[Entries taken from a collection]
# # # # # # #
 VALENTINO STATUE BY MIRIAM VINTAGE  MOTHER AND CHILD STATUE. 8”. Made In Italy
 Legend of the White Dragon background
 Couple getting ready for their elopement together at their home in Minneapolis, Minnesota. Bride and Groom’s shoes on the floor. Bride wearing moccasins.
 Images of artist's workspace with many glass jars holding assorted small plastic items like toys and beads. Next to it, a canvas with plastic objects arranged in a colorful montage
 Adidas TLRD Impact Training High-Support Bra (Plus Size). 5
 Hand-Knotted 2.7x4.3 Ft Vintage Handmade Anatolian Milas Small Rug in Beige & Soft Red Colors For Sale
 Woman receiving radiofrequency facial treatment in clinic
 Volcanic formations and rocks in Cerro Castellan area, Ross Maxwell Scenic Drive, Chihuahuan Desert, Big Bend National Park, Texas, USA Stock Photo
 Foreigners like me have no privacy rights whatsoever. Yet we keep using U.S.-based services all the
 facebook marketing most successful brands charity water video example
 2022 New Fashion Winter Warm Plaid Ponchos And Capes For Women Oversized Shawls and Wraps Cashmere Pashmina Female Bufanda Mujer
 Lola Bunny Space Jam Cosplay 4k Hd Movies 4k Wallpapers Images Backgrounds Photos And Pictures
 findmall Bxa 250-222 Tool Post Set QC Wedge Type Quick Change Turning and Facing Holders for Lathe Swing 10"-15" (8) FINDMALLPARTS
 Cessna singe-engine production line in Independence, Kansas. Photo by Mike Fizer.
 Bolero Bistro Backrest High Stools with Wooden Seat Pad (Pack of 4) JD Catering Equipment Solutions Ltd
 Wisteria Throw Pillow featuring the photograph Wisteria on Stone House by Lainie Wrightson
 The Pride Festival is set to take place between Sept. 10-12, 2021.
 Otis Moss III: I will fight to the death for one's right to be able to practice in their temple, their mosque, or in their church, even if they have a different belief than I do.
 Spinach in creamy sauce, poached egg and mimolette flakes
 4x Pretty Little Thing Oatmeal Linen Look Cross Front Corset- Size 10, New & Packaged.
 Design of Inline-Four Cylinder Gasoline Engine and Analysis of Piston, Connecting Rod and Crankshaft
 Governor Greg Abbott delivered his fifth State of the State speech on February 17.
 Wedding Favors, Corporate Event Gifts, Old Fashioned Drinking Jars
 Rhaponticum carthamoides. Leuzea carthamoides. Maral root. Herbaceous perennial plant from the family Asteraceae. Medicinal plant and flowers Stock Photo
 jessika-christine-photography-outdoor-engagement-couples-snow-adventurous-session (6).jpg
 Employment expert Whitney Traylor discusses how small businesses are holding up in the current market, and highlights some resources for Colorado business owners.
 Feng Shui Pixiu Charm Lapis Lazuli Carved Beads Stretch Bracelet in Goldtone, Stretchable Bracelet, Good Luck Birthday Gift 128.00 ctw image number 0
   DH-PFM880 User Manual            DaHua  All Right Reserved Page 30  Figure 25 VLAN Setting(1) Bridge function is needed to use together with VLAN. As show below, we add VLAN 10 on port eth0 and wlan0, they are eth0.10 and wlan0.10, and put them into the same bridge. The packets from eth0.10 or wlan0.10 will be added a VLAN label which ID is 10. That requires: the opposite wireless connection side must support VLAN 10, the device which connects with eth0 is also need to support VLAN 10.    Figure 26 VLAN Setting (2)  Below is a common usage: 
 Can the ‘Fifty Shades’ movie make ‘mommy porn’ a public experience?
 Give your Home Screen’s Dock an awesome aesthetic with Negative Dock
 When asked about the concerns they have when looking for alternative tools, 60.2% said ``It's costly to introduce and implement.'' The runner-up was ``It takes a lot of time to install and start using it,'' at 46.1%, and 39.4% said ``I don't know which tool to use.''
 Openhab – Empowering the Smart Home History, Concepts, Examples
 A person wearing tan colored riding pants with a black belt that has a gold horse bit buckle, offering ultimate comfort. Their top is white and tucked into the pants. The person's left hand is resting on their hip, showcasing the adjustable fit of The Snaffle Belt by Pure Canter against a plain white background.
# # # # # # #
**Problem:**
Across the entries, state how many lines contain "like", giving the number only.

**Answer box:**
2